**ASSIGNED TASK:**
Word for word, copy all the data and drop the pictures.

+++ DATASET EXCERPT

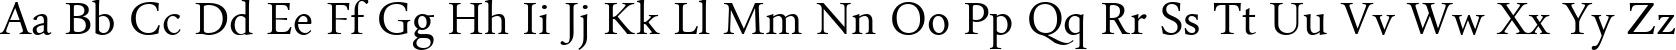 Пример написания английского алфавита шрифтом Arabic Typesetting
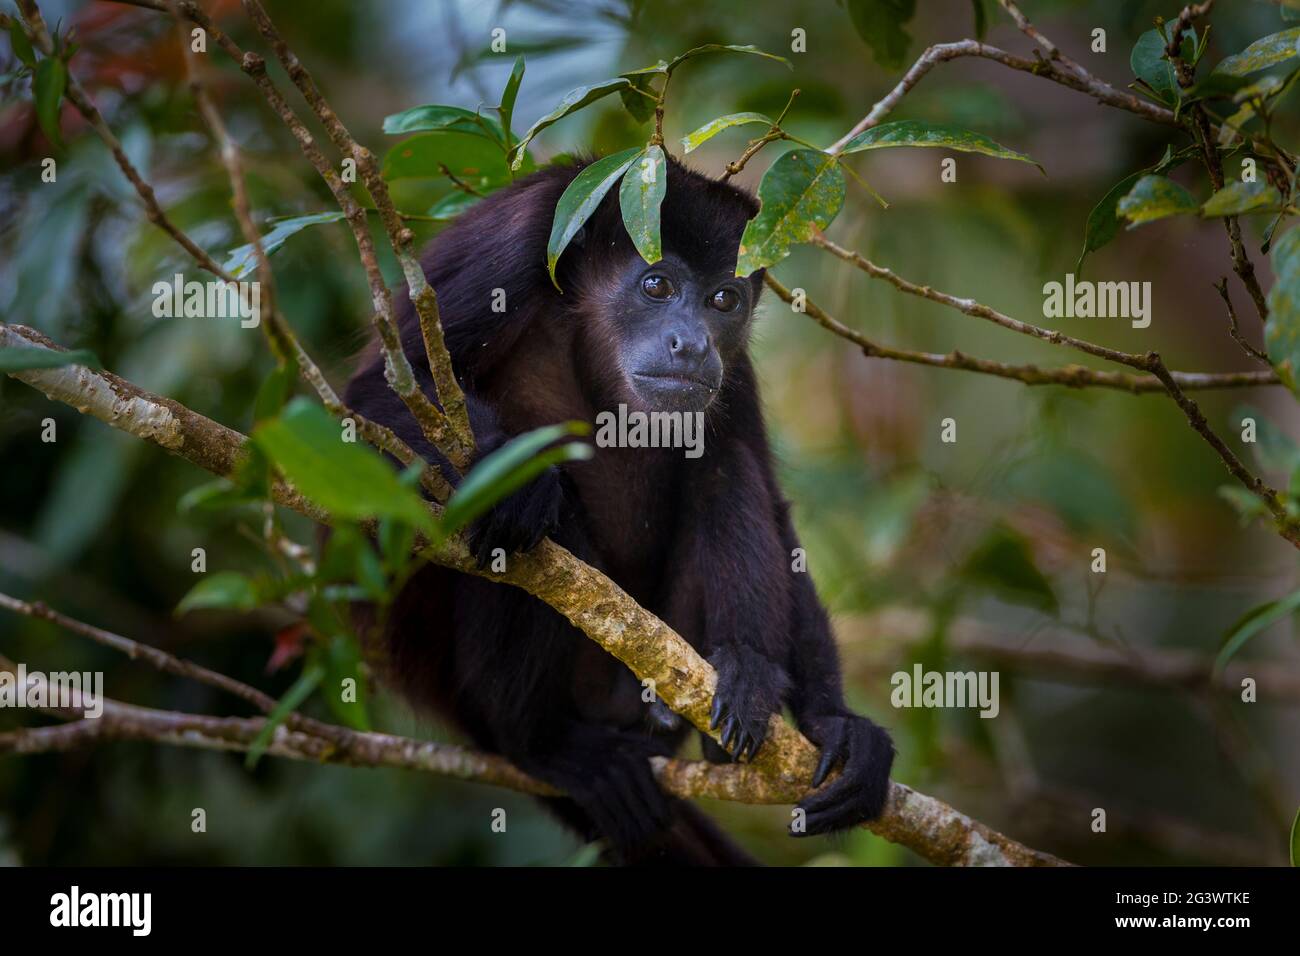 Panama wildlife with a Mantled Howler Monkey, Alouatta palliata, in the rainforest of Soberania national park, Colon province, Republic of Panama. Stock Photo
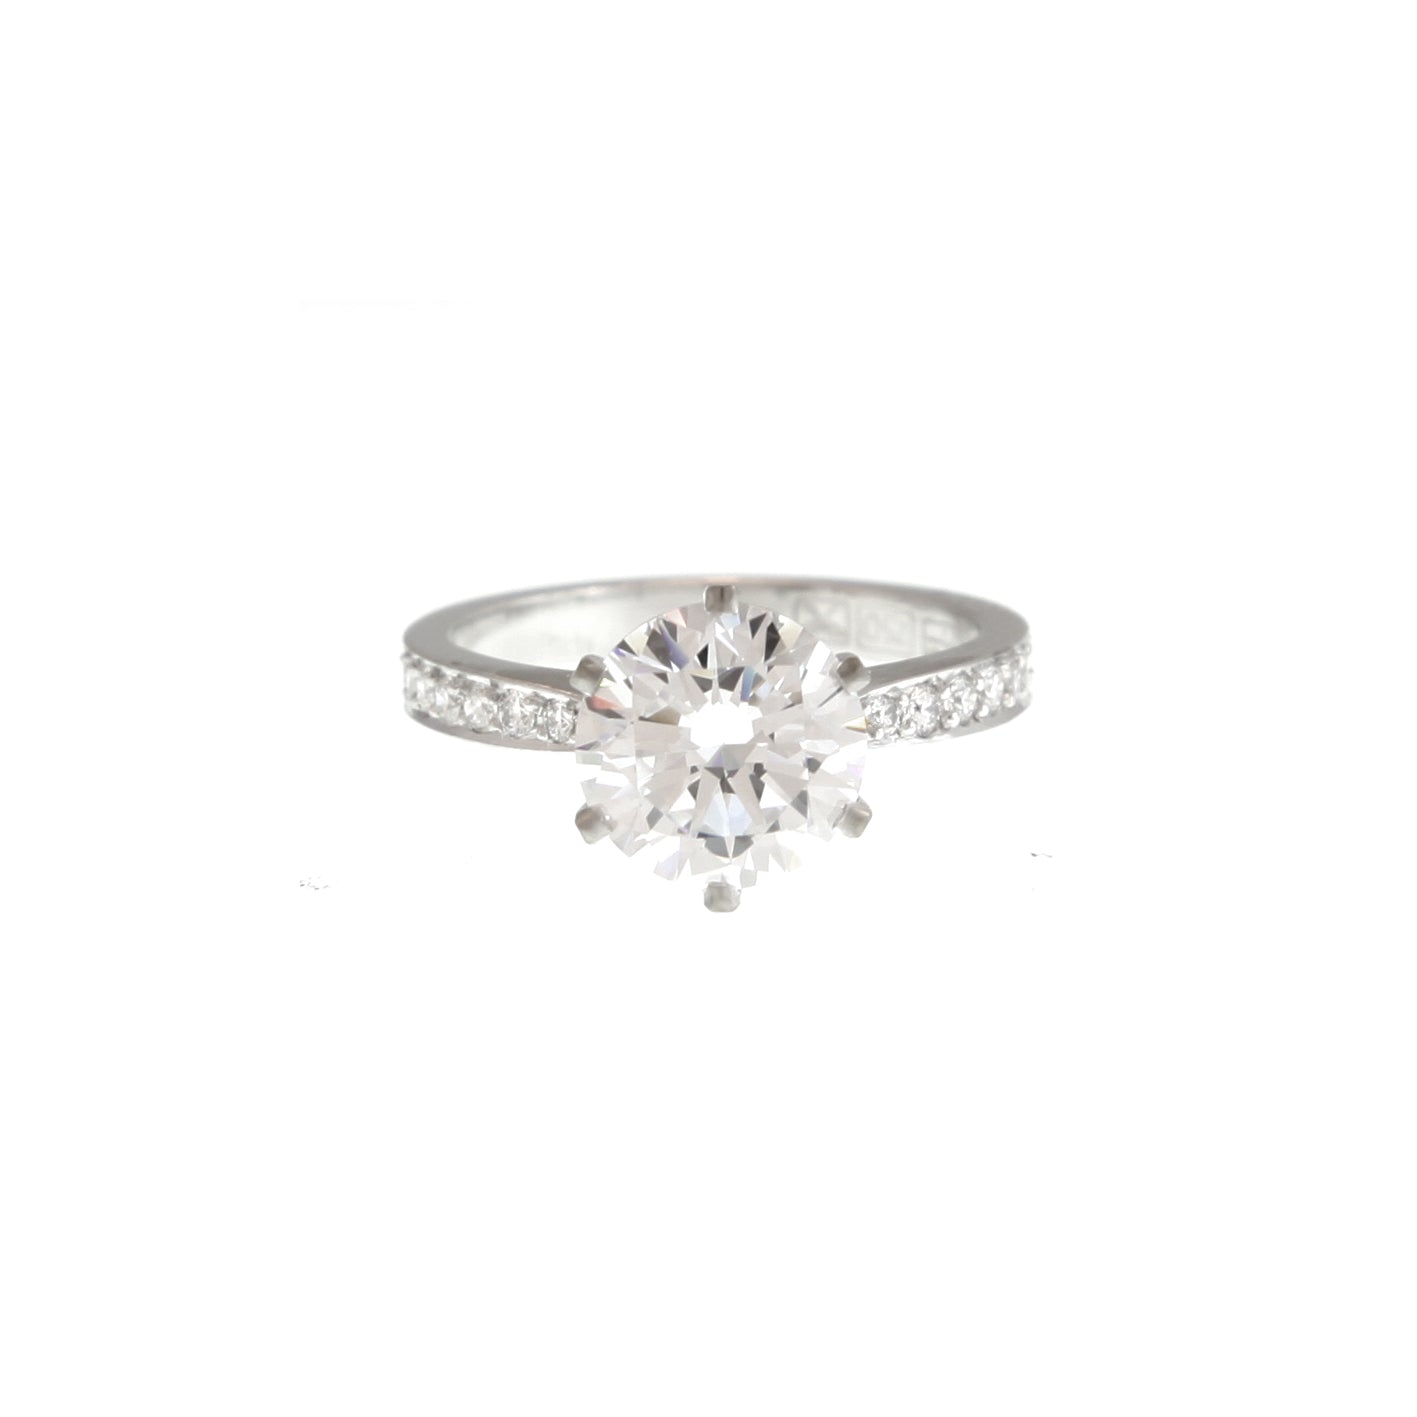  Round Brilliant Cut Diamond Thread-Set Engagement Ring White Gold
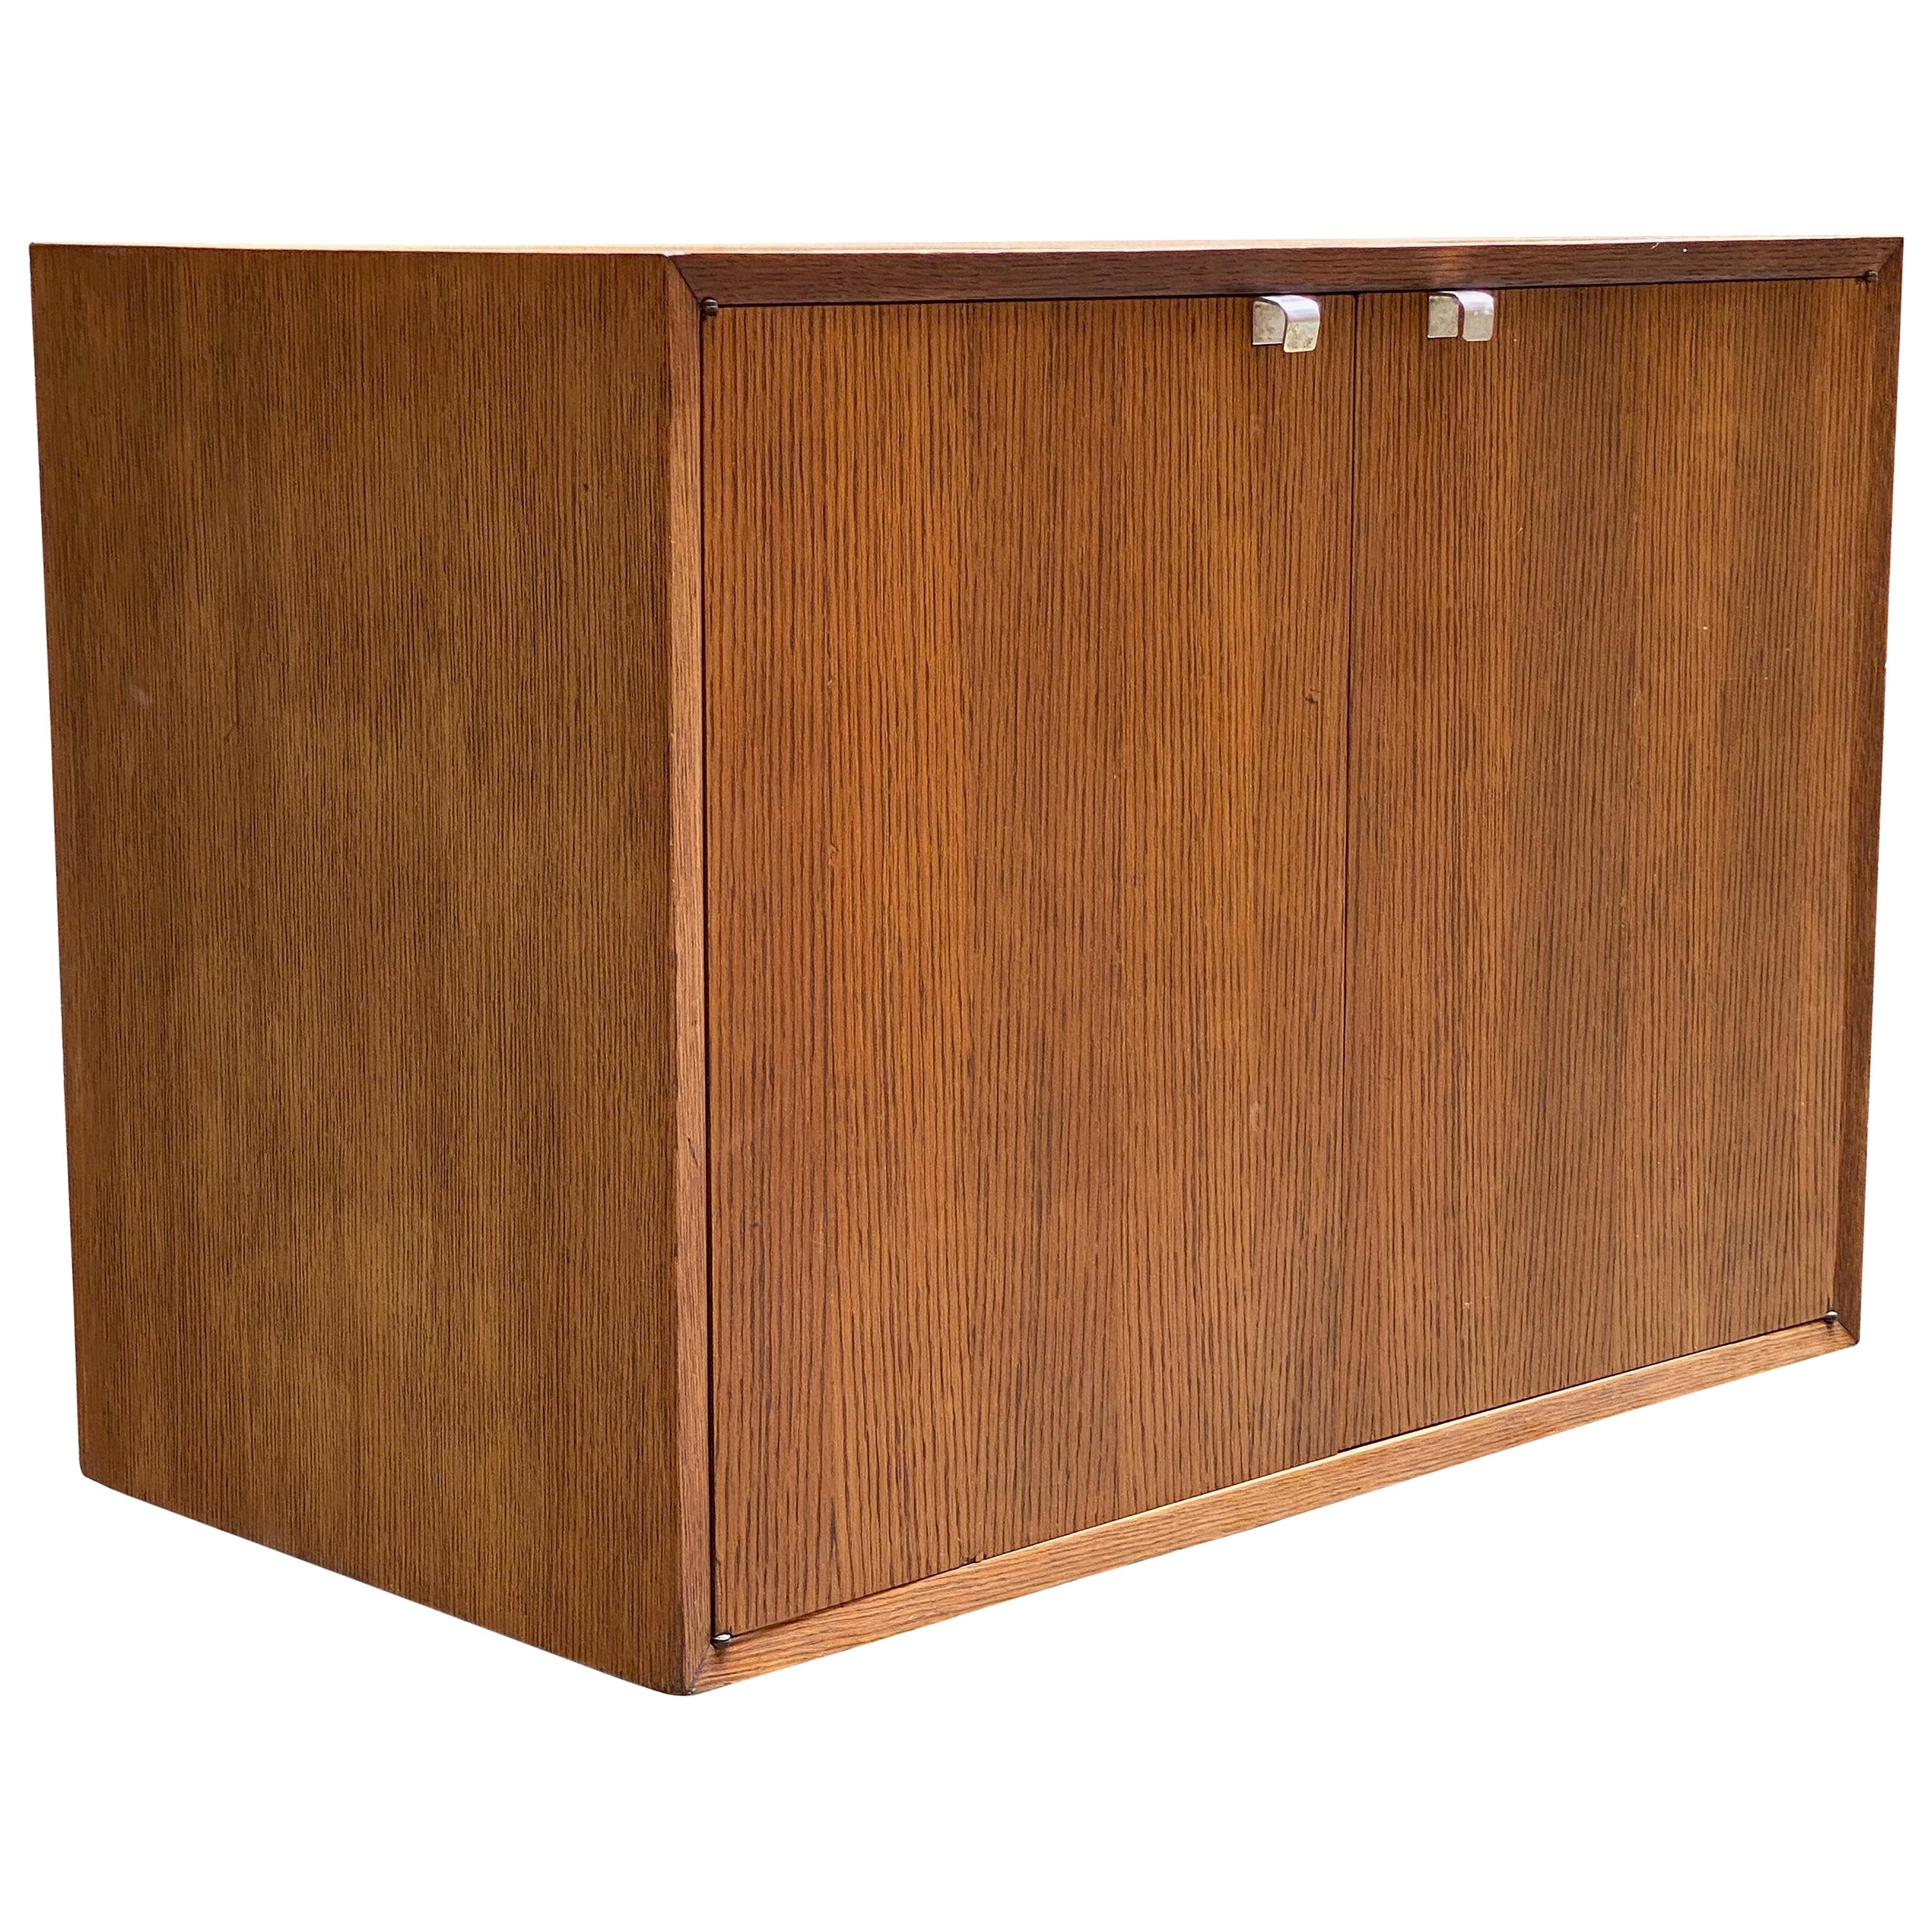 George Nelson for Herman Miller Modular Oak Utility Cabinet

++++++

**WRITTEN RESPONSE:**
 Пример написания английского алфавита шрифтом Arabic Typesetting
 Panama wildlife with a Mantled Howler Monkey, Alouatta palliata, in the rainforest of Soberania national park, Colon province, Republic of Panama. Stock Photo
  Round Brilliant Cut Diamond Thread-Set Engagement Ring White Gold
 George Nelson for Herman Miller Modular Oak Utility Cabinet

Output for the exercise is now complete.